We mostly avoided gold through 2022 as cyclical headwinds were strong (surging real yields) and tactical tools pointed to a negative trend for most of the year. Now cyclical conditions are more favorable for gold and tactical headwinds have cleared: gold is an attractive recession hedge.
Our fundamental gold signal triggered in mid-Dec 2022. This signal has historically flagged the start of a bullish gold regime.
The intuition behind our fundamental signal: gold bull markets can start when the business cycle is turning down in earnest and real yields peak with the dollar. Rising EM liquidity leads gold demand from China and India. And typically when the business cycle turns lower, this coincides with goldminer underperformance vs S&P 500.

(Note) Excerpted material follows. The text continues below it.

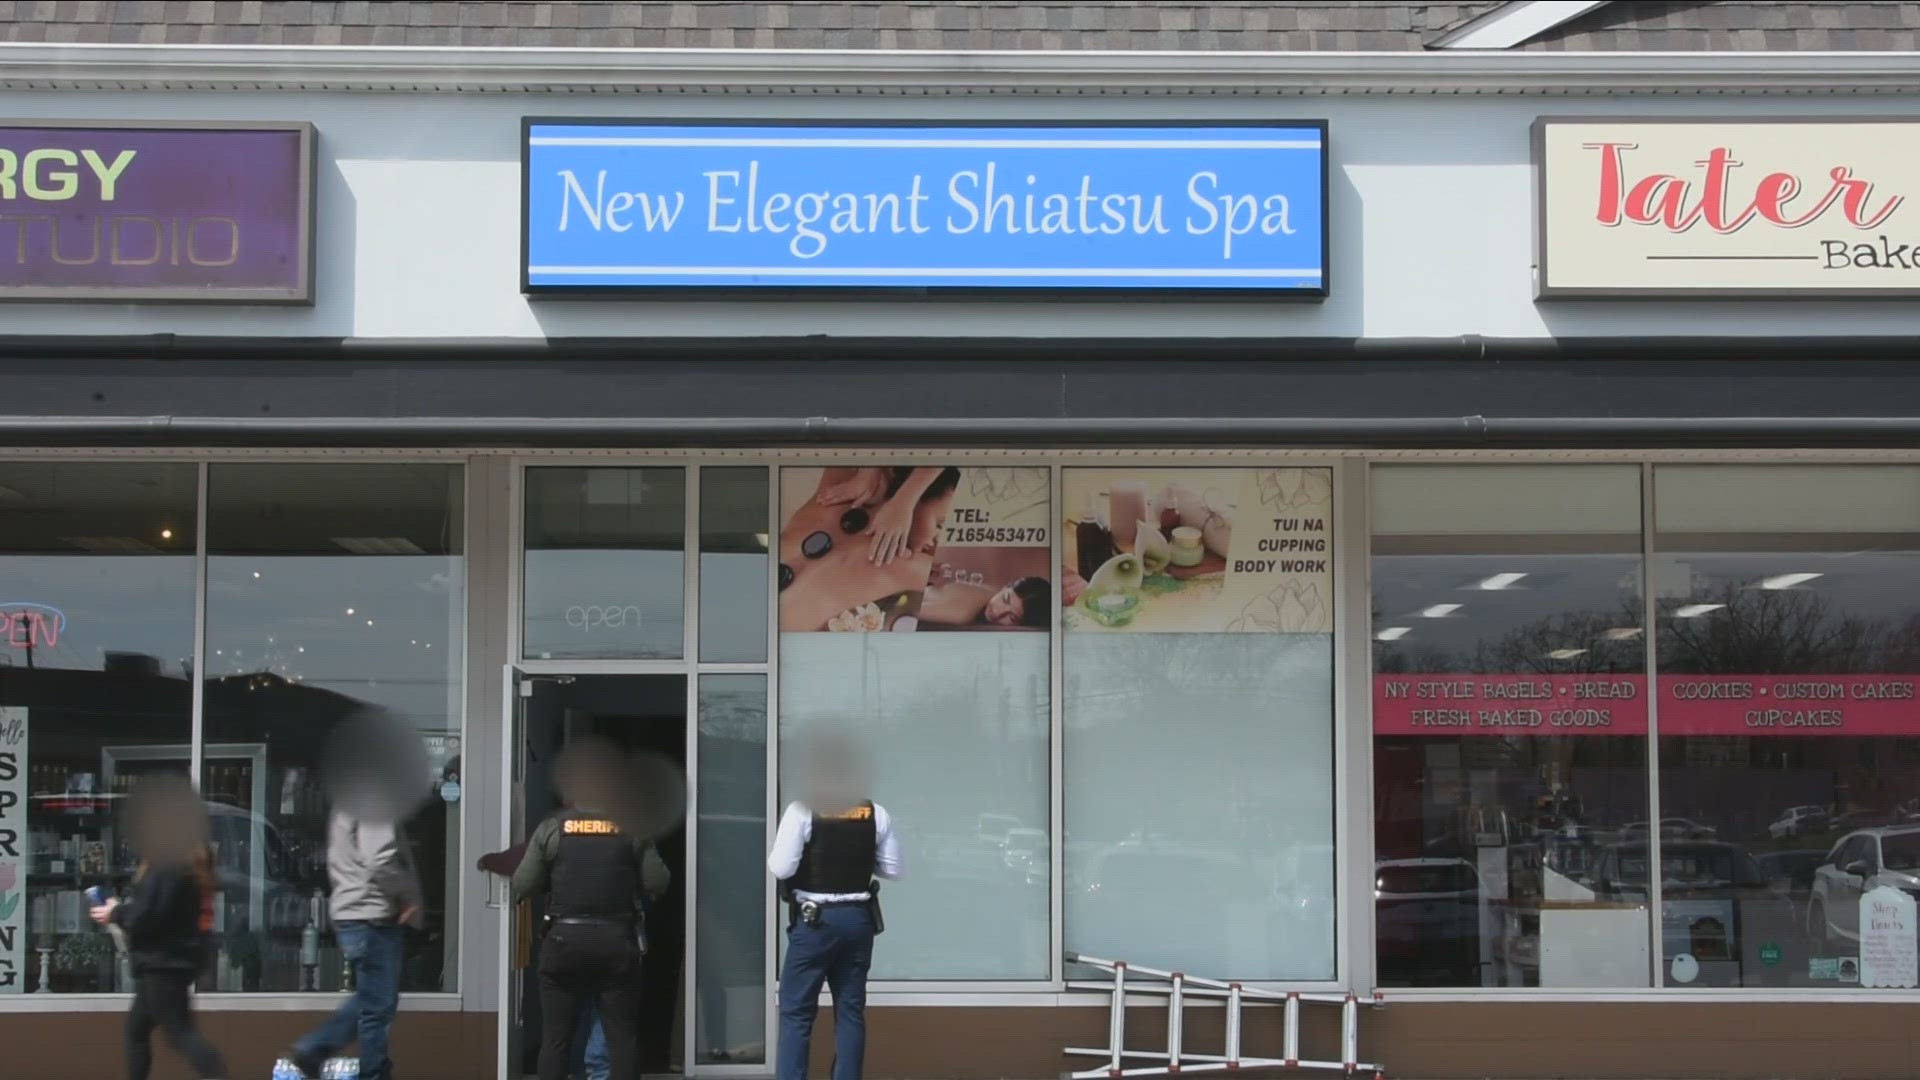 VIDEO SHOWS F-B-I AGENTS GOING INTO NEW ELEGANT SHIATSU SPA ON SOUTH TRANSIT ROAD.
THE F-B-I TELLS US THIS IS AN ONGOING MATTER... WE'L

Gold tactical indicators confirm headwinds are clearing. November 2022 saw a clear trend reversal, confirmed by our tactical model (flip from red to green bars in left-hand chart). This coincided with an LPPL crash climax for gold.
Our fast money measure shows speculative activity has returned to neutral, and there is still plenty of room for more inflows.
The key bear case is that USD gold prices have been defying surging real yields left (using break evens, left chart below) and could close the gap lower. This has also kept gold trading above our fair value through all of 2022 (right chart below). However given the rollover of our US inflation and growth LEIs, we suspect real yields have peaked. At the margin this removes a headwind for gold.
On balance the tactical, cyclical and structural set up for gold is compelling. In an Age of Scarcity, we expect the politicization of credit, inflationary government spending and elevated energy prices to support real assets. Financial repression is likely to continue in order to finance a capex supercycle.